**Problem details:**
Output the data unchanged and complete, minus the images.
*** Data segment ***
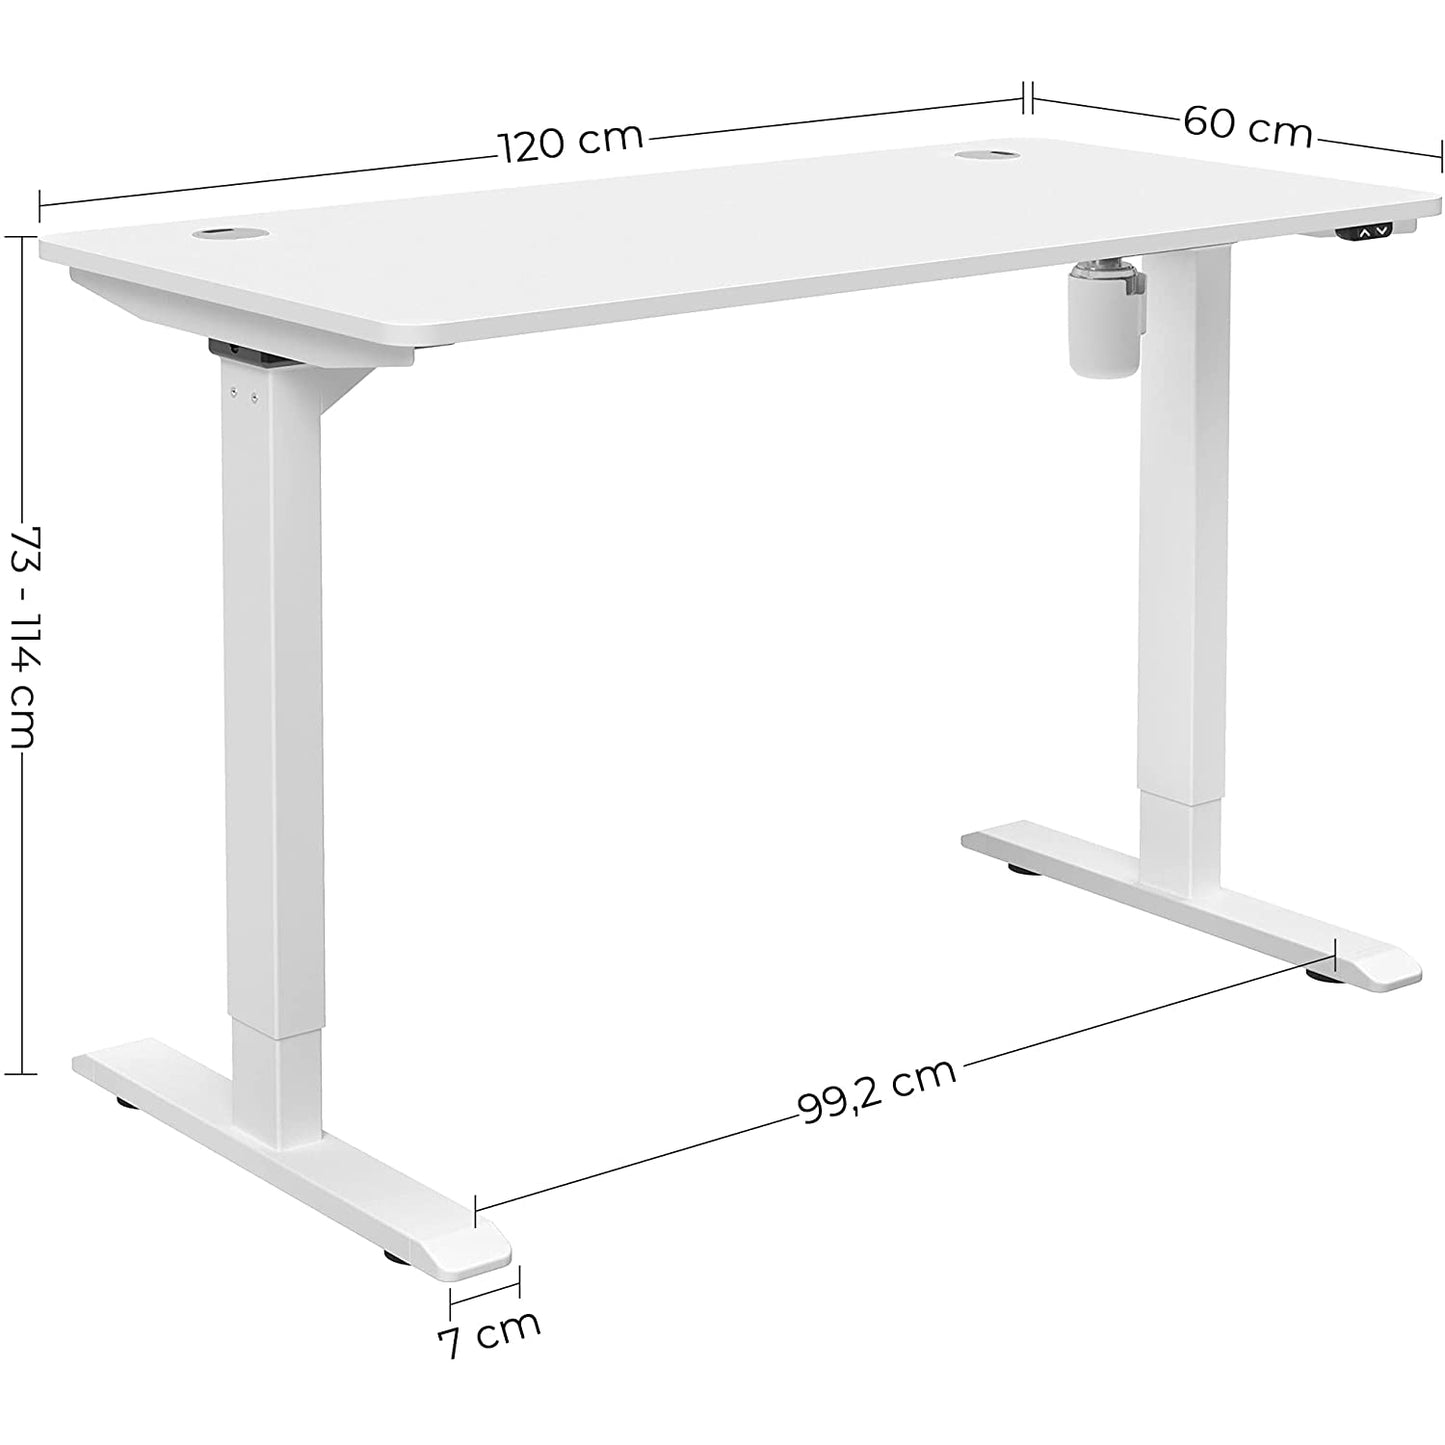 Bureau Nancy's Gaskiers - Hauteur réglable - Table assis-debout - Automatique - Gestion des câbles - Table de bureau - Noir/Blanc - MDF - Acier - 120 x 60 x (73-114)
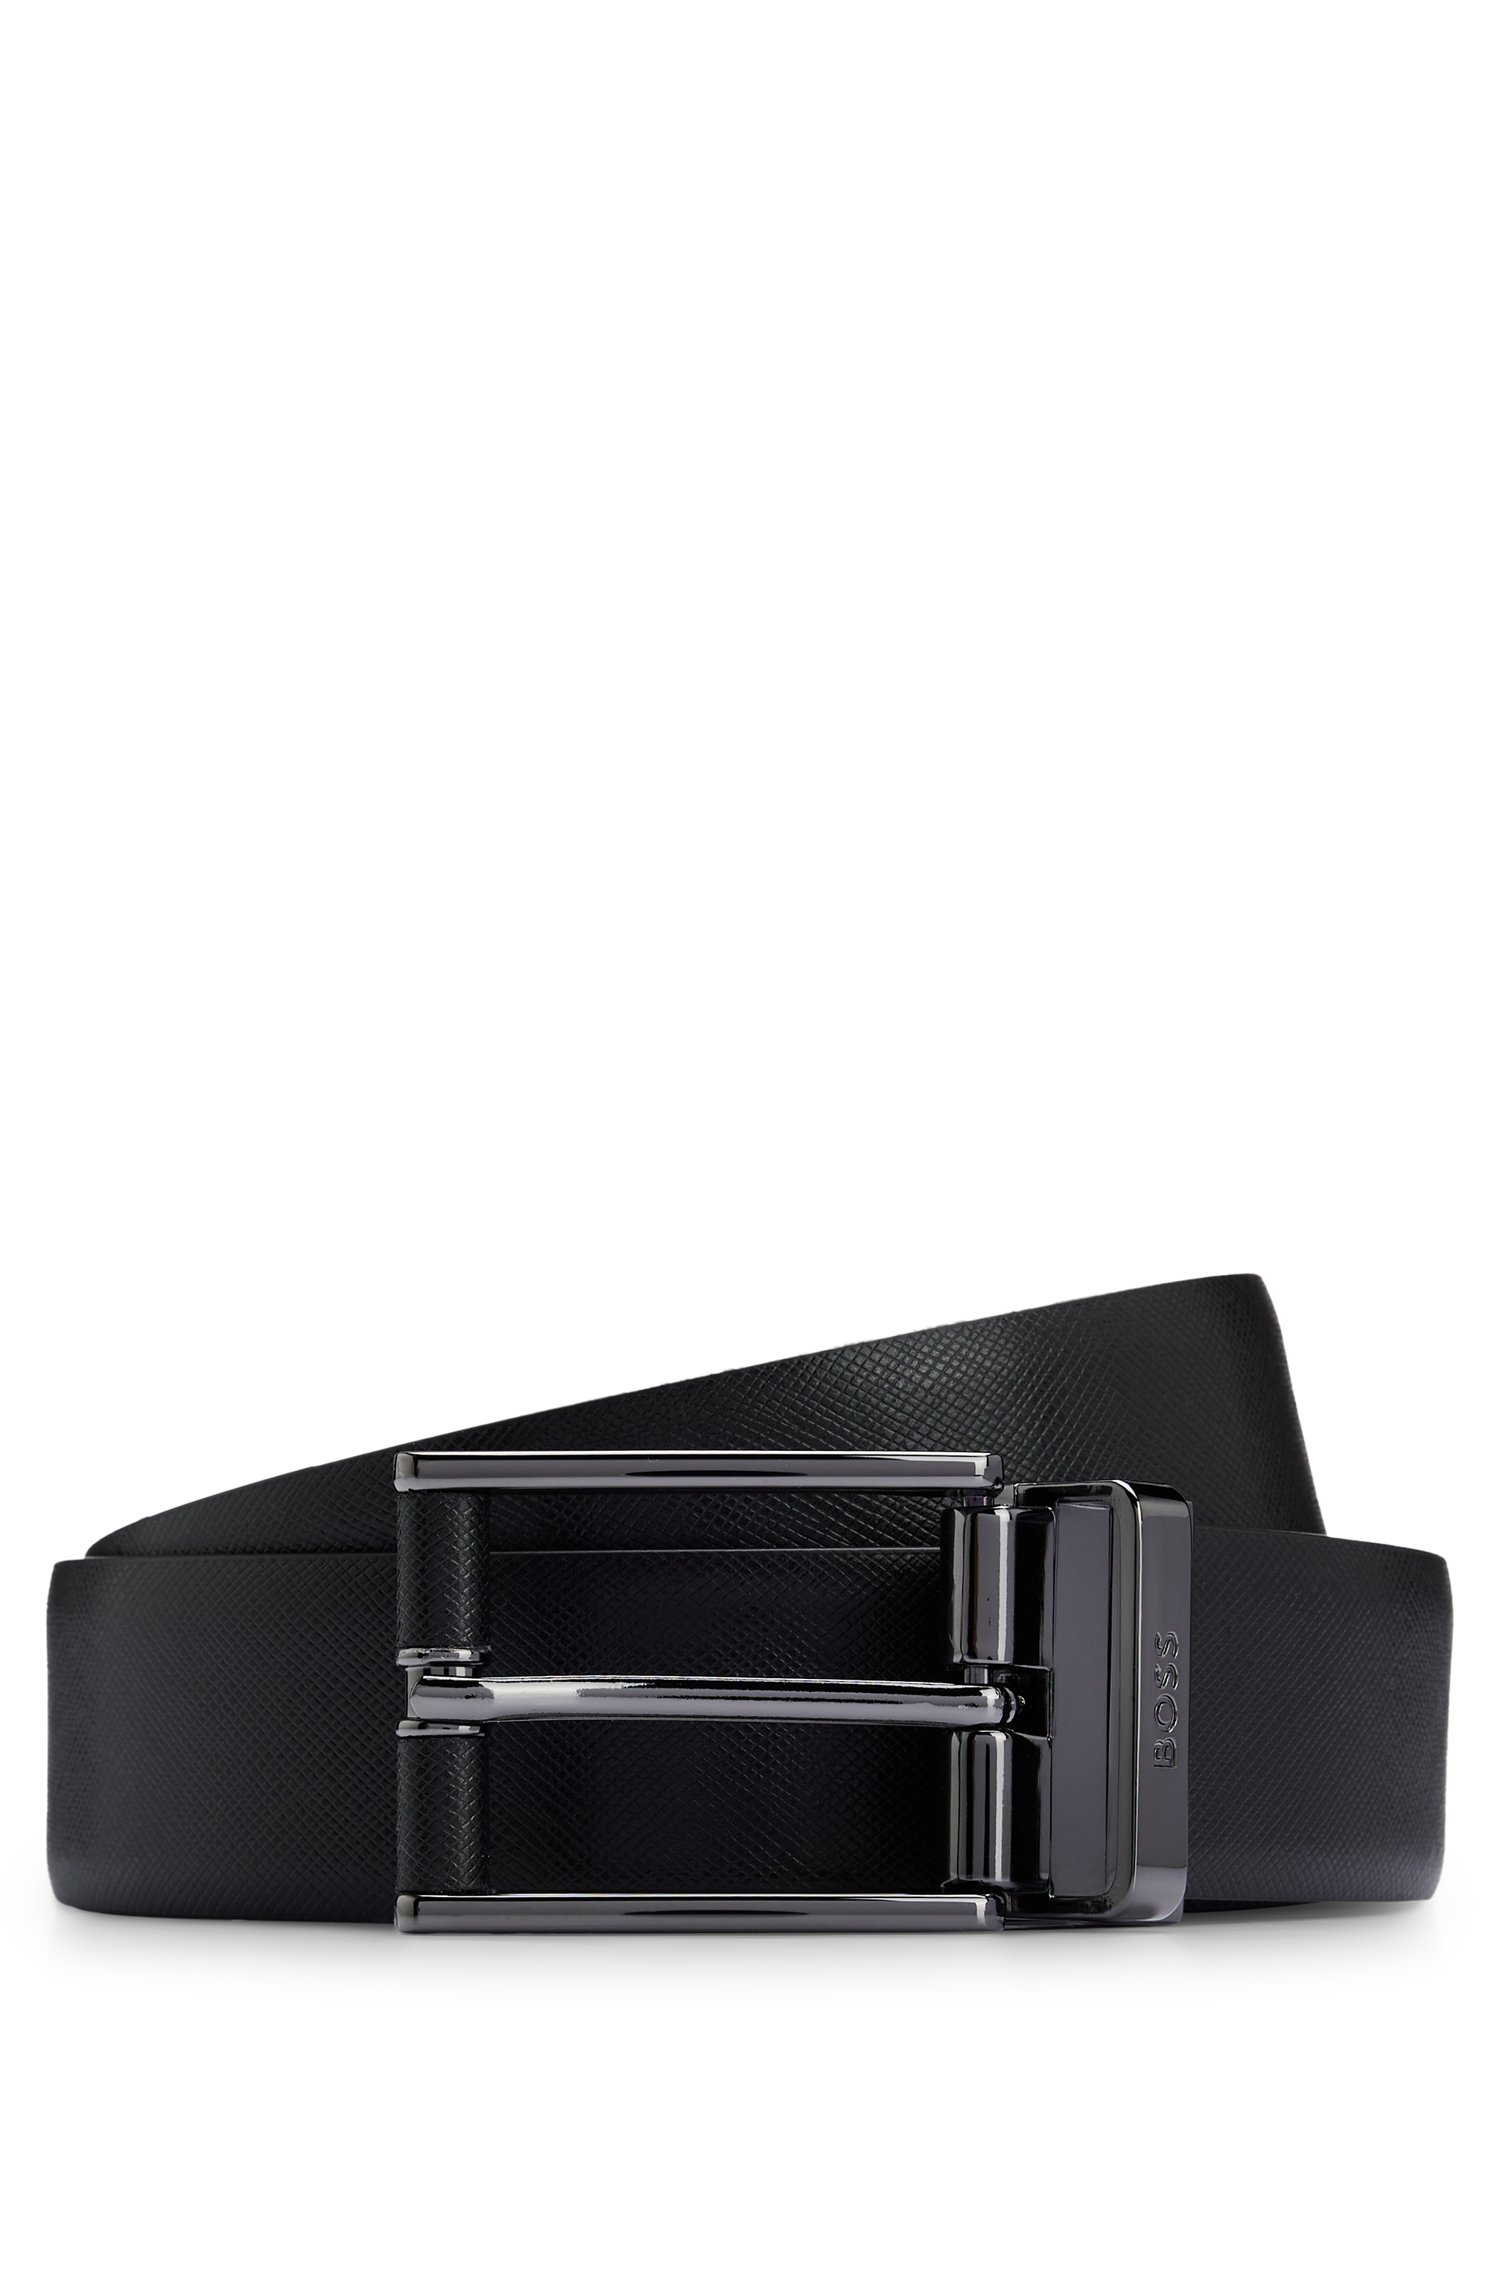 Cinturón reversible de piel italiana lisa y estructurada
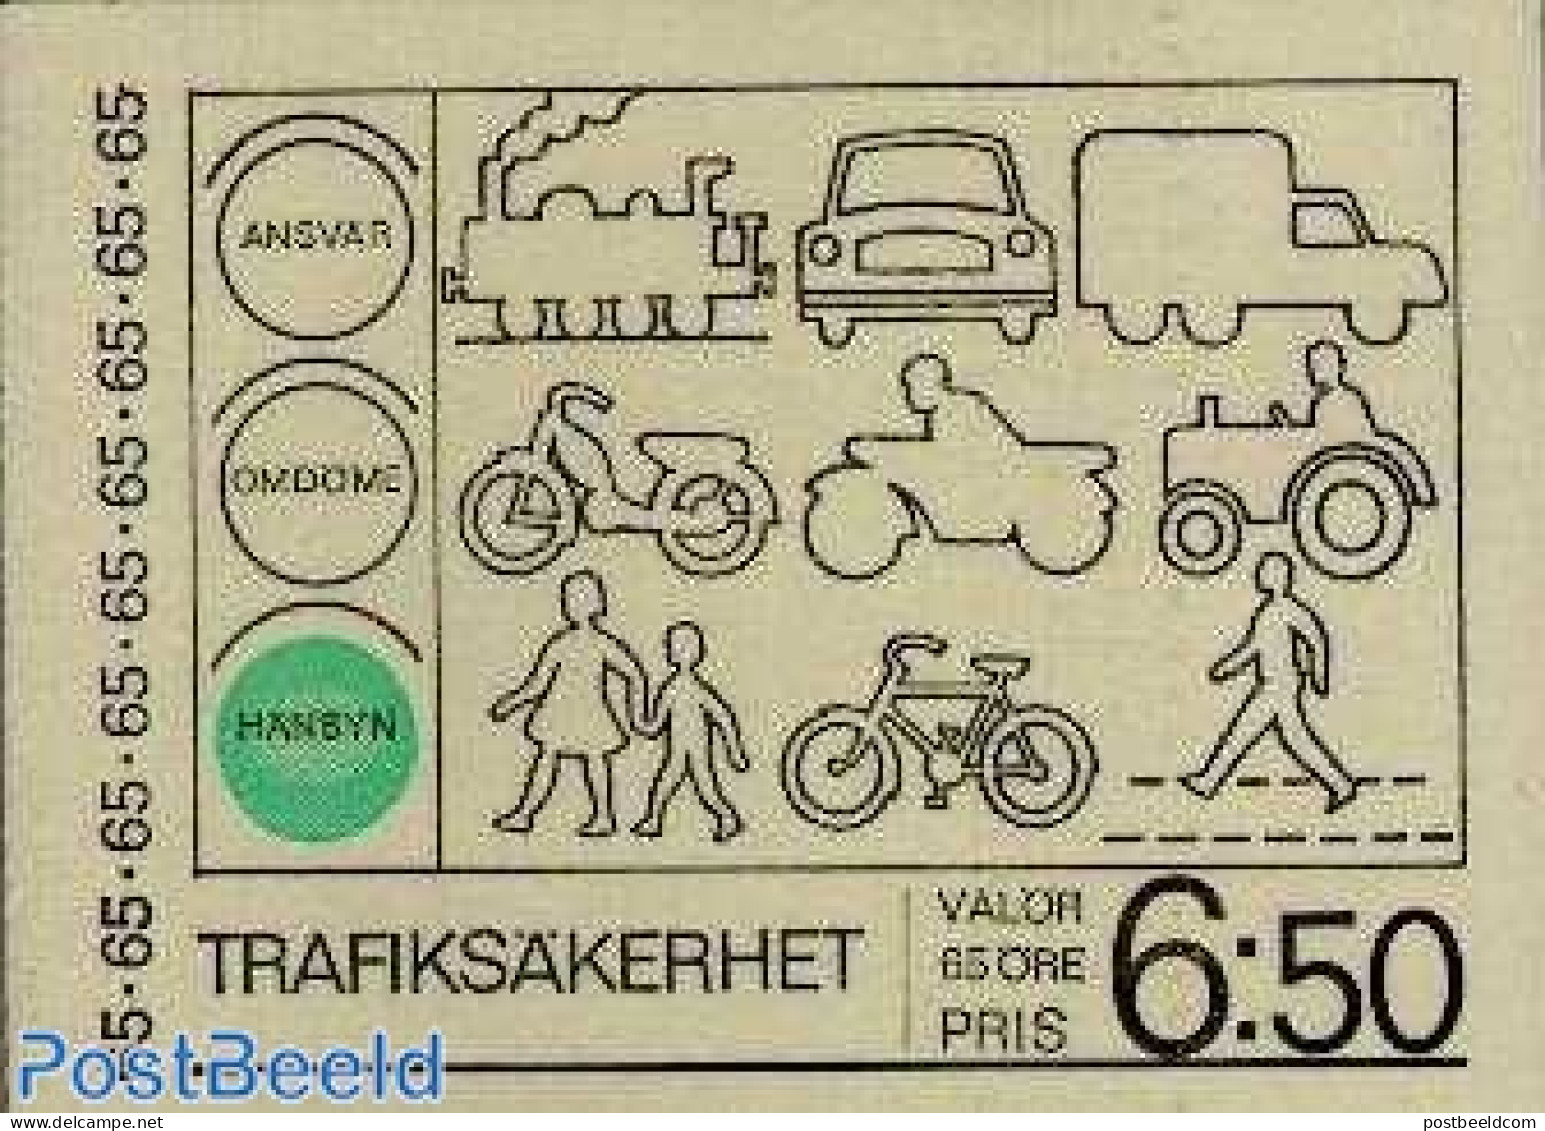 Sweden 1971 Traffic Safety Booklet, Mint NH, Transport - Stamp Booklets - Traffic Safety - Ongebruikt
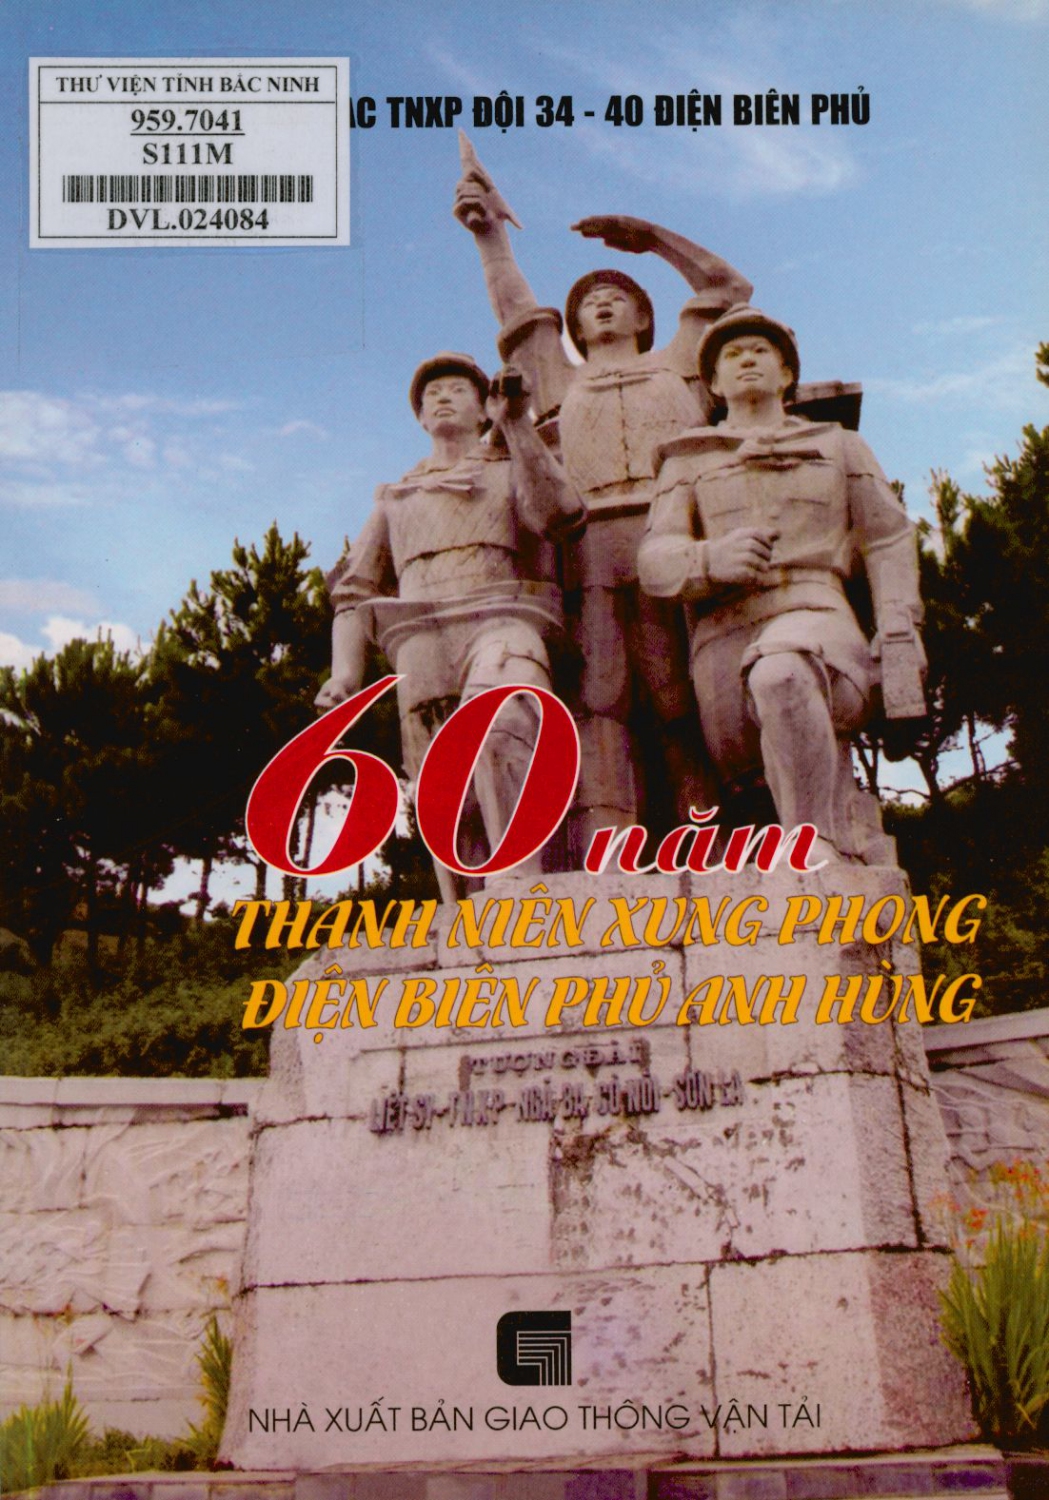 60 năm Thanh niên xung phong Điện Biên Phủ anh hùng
***
**Your response:**
 Bureau Nancy's Gaskiers - Hauteur réglable - Table assis-debout - Automatique - Gestion des câbles - Table de bureau - Noir/Blanc - MDF - Acier - 120 x 60 x (73-114)
 Cinturón reversible de piel italiana lisa y estructurada
 Sweden 1971 Traffic Safety Booklet, Mint NH, Transport - Stamp Booklets - Traffic Safety - Ongebruikt
 60 năm Thanh niên xung phong Điện Biên Phủ anh hùng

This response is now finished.